🐍
Python
kham's Python bindings are built with PyO3 and expose the full segmentation API — including rich Token objects with kind, POS, NE, and span information.
1
Install
pip install kham 2
Basic segmentation
import kham
# Returns a list of strings
words = kham.segment("กินข้าวกับปลา")
print(words)
# ['กิน', 'ข้าว', 'กับ', 'ปลา']
# Mixed-script input is handled correctly
mixed = kham.segment("Hello กรุงเทพ 2024!")
print(mixed)
# ['Hello', ' ', 'กรุงเทพ', ' ', '2024', '!'] 3
Rich Token objects
segment_tokens() returns Token objects with text, kind, and Unicode char spans — ideal for NLP pipelines.
import kham
tokens = kham.segment_tokens("กินข้าวกับปลา")
for tok in tokens:
print(f"{tok.text!r:10} kind={tok.kind:12} chars={tok.char_start}..{tok.char_end}")
# 'กิน' kind=Thai chars=0..3
# 'ข้าว' kind=Thai chars=3..7
# 'กับ' kind=Thai chars=7..10
# 'ปลา' kind=Thai chars=10..13 4
Token fields
Every Token object exposes the following attributes:
tok.text # str — the token text
tok.kind # str — "Thai" | "Latin" | "Number" | "Punctuation" | "Emoji" | "Whitespace" | "Unknown"
tok.char_start # int — Unicode scalar-value start offset (use with str.slice())

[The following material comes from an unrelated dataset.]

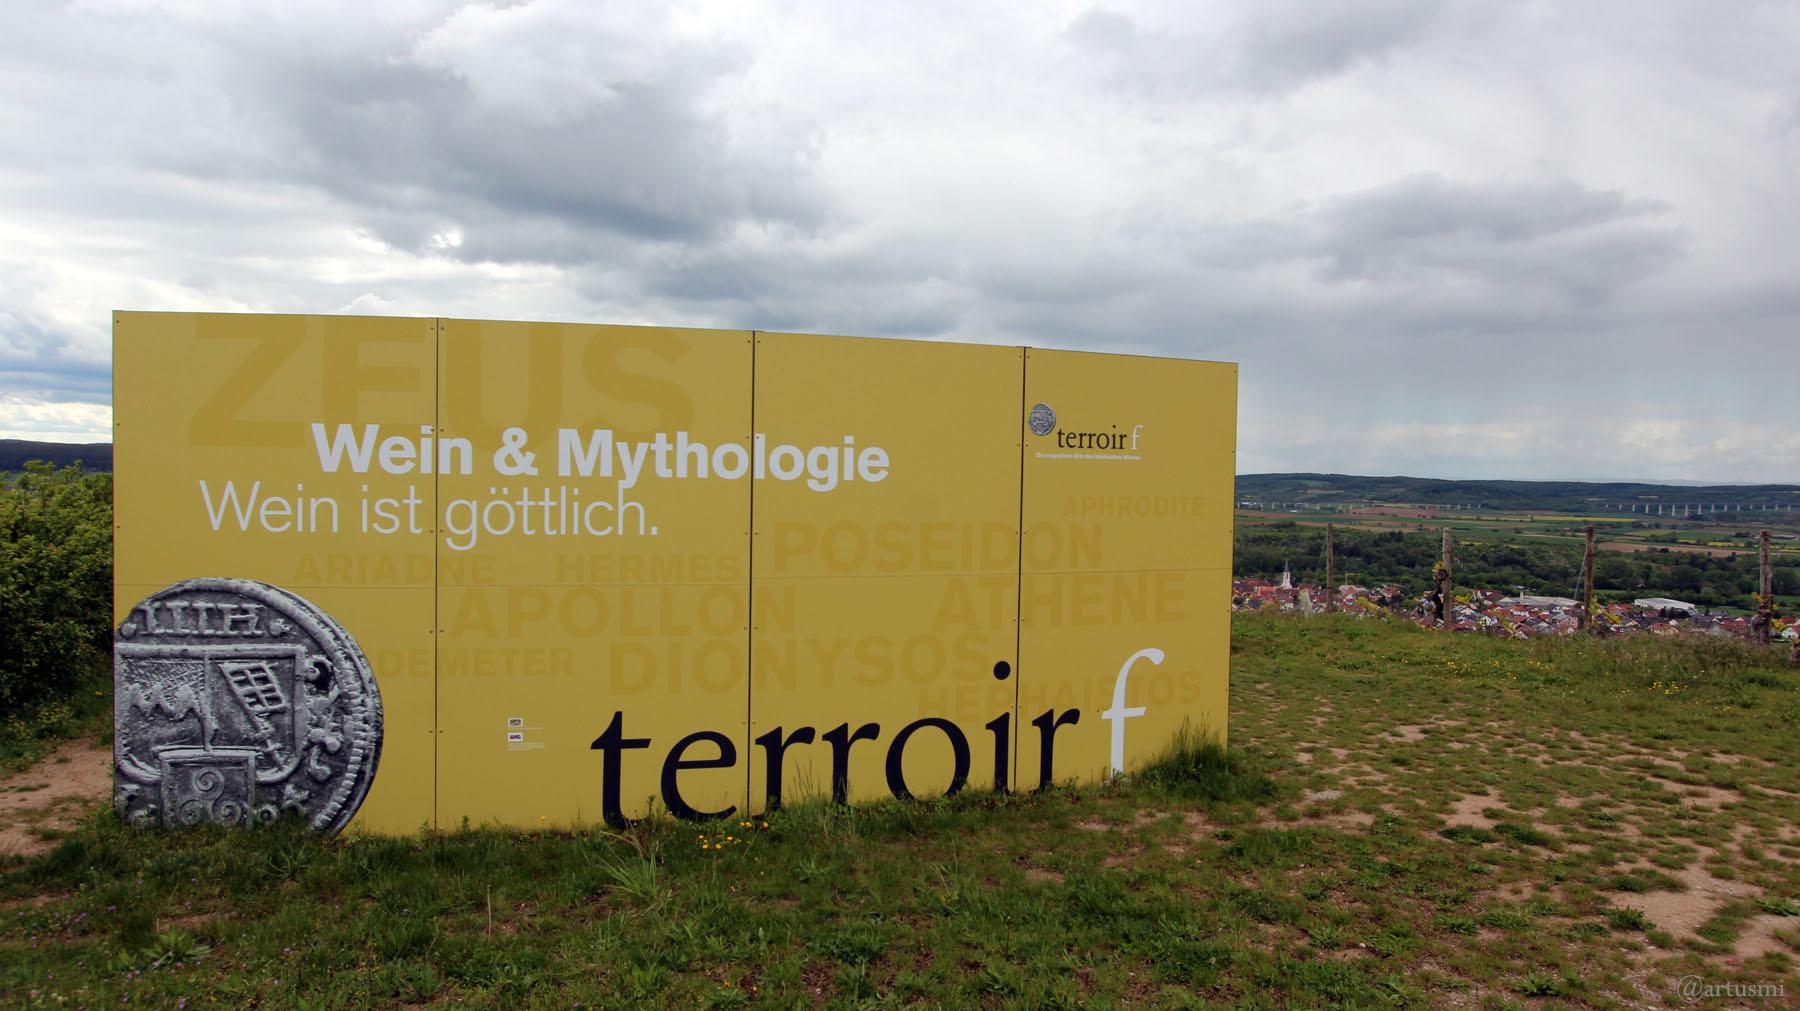 terroir f Thüngersheim - Wein & Mythologie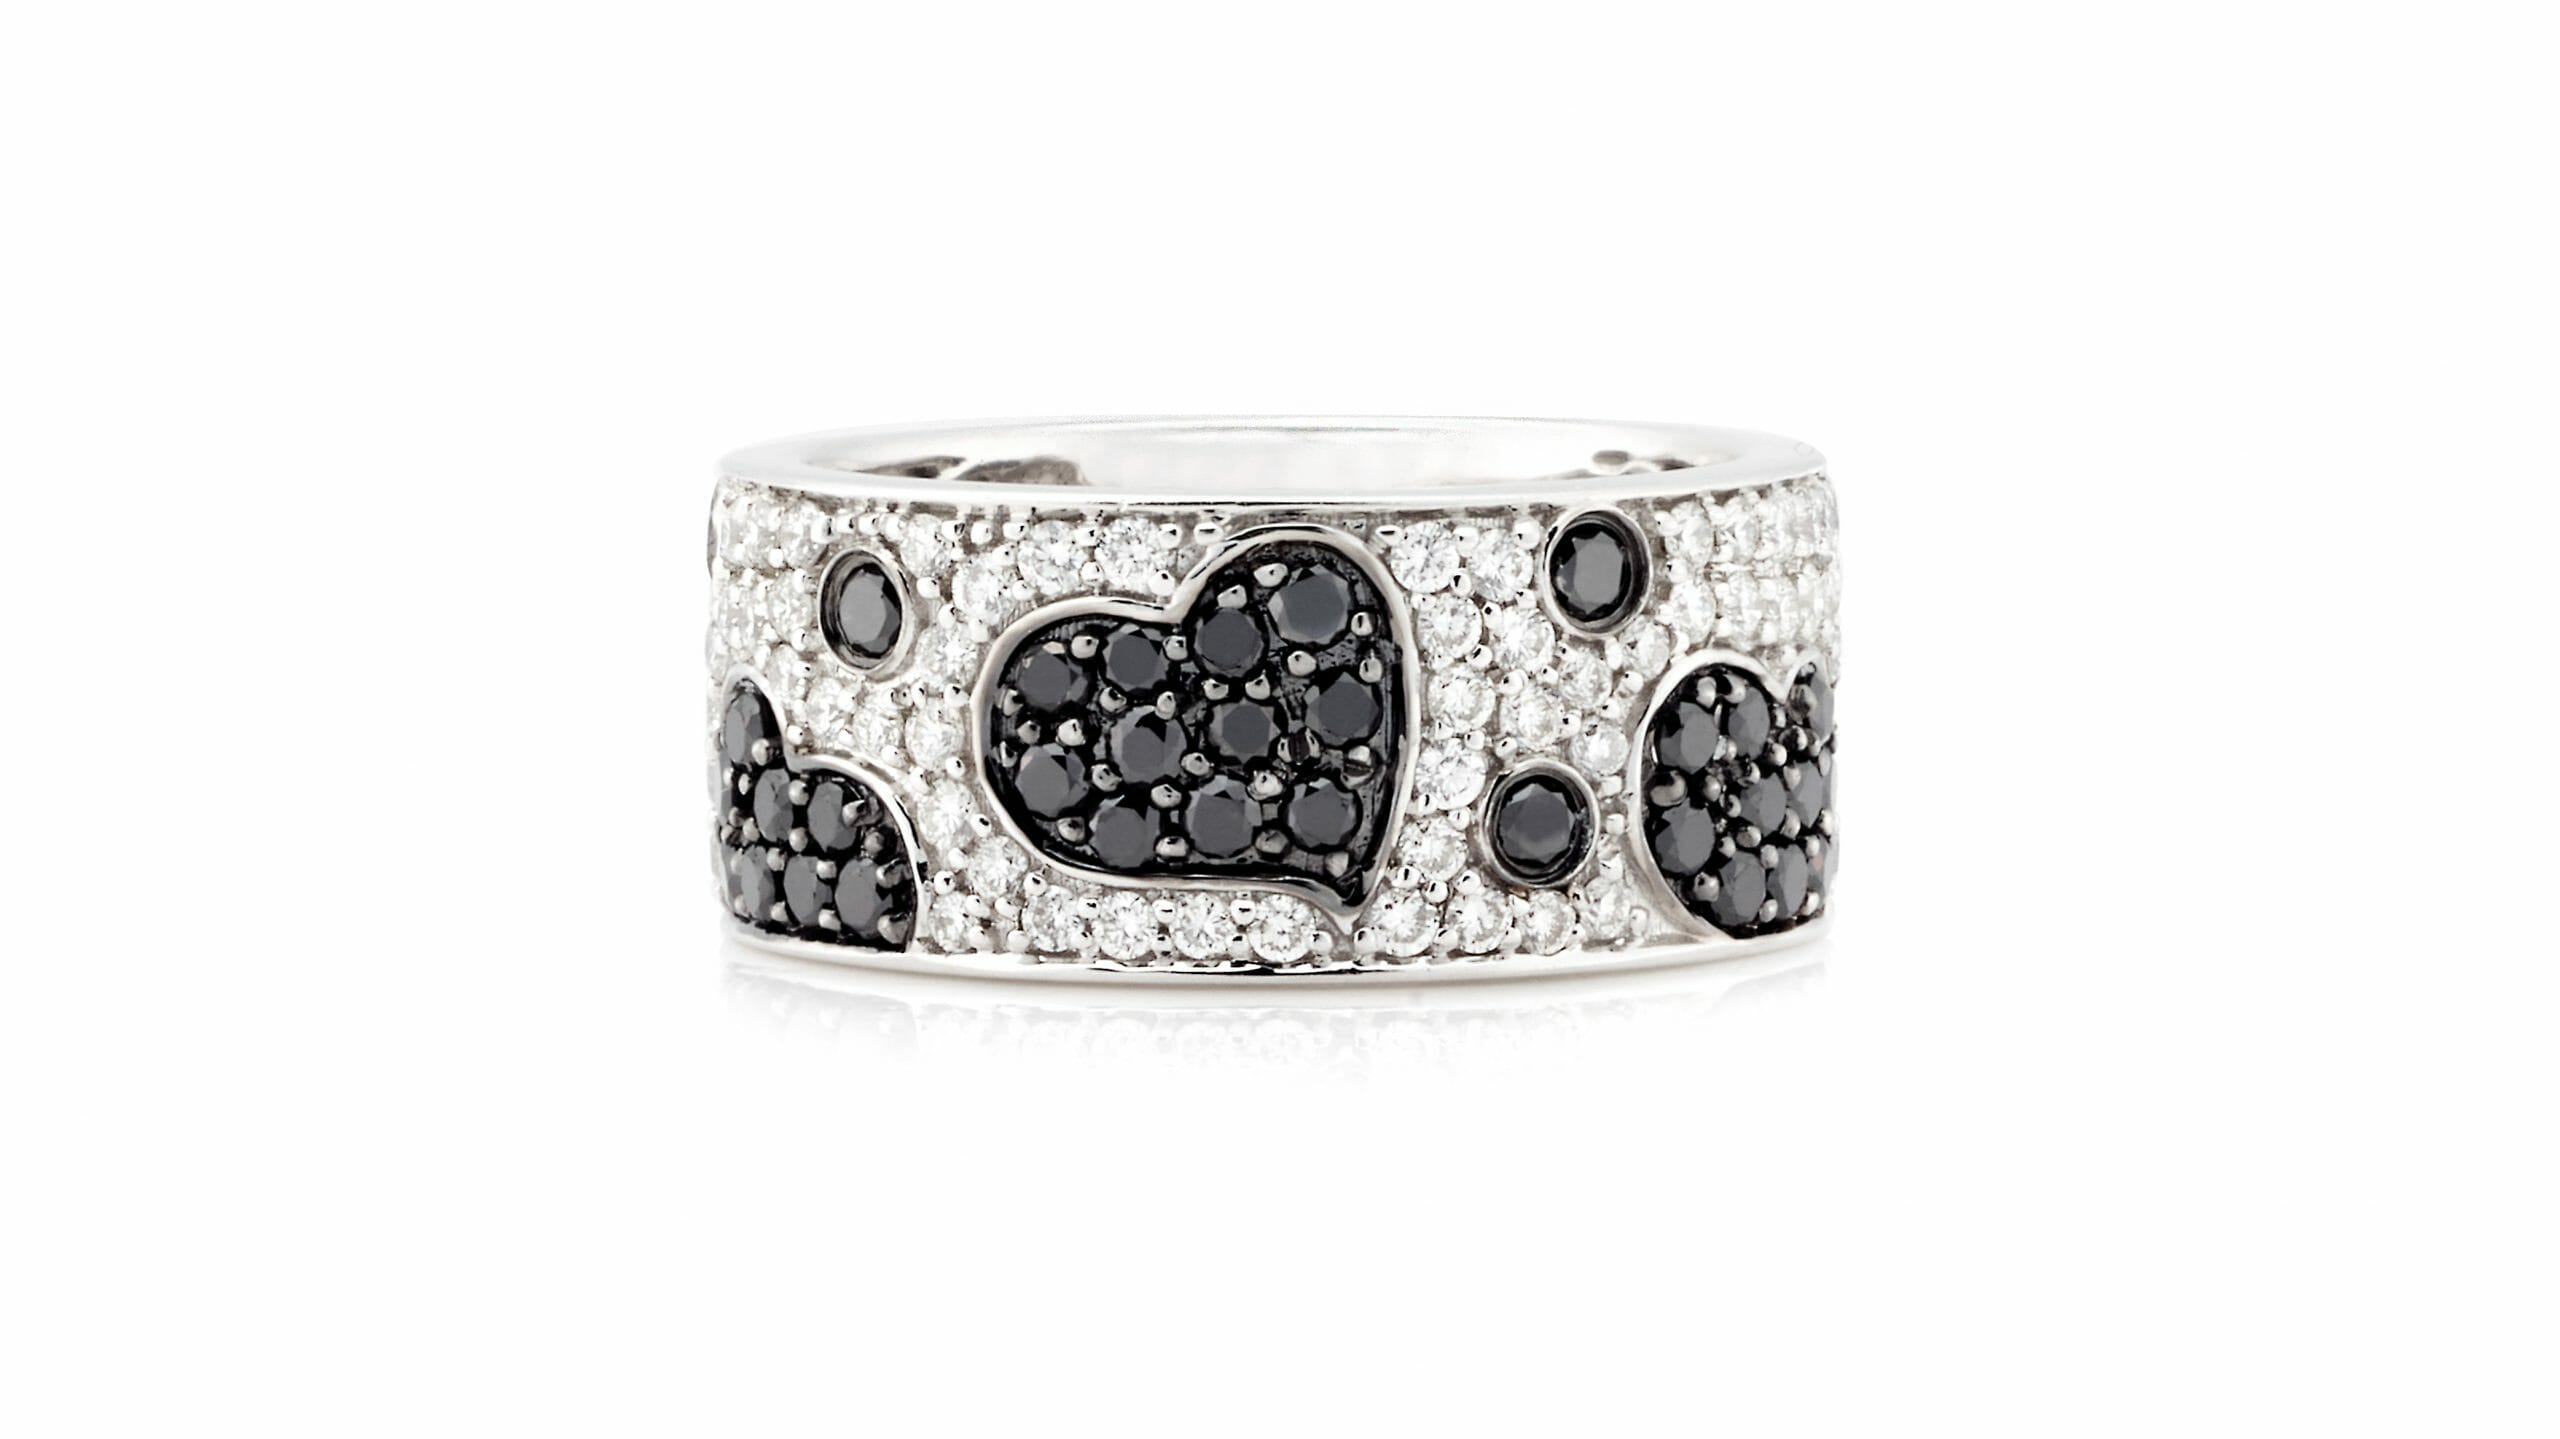 Black & White Diamonds Pavé Hearts Ring | Black & White Diamond Dress Ring Set In 18 Carat White Gold With Black And WHite Pavé-Set Diamonds In Heart Shapes

tok.char_end # int — Unicode scalar-value end offset
tok.byte_start # int — UTF-8 byte start offset
tok.byte_end # int — UTF-8 byte end offset 5
Build from source (optional)
# Requires Rust toolchain + maturin
pip install maturin
git clone https://github.com/preedep/kham
cd kham
maturin develop -m kham-python/Cargo.toml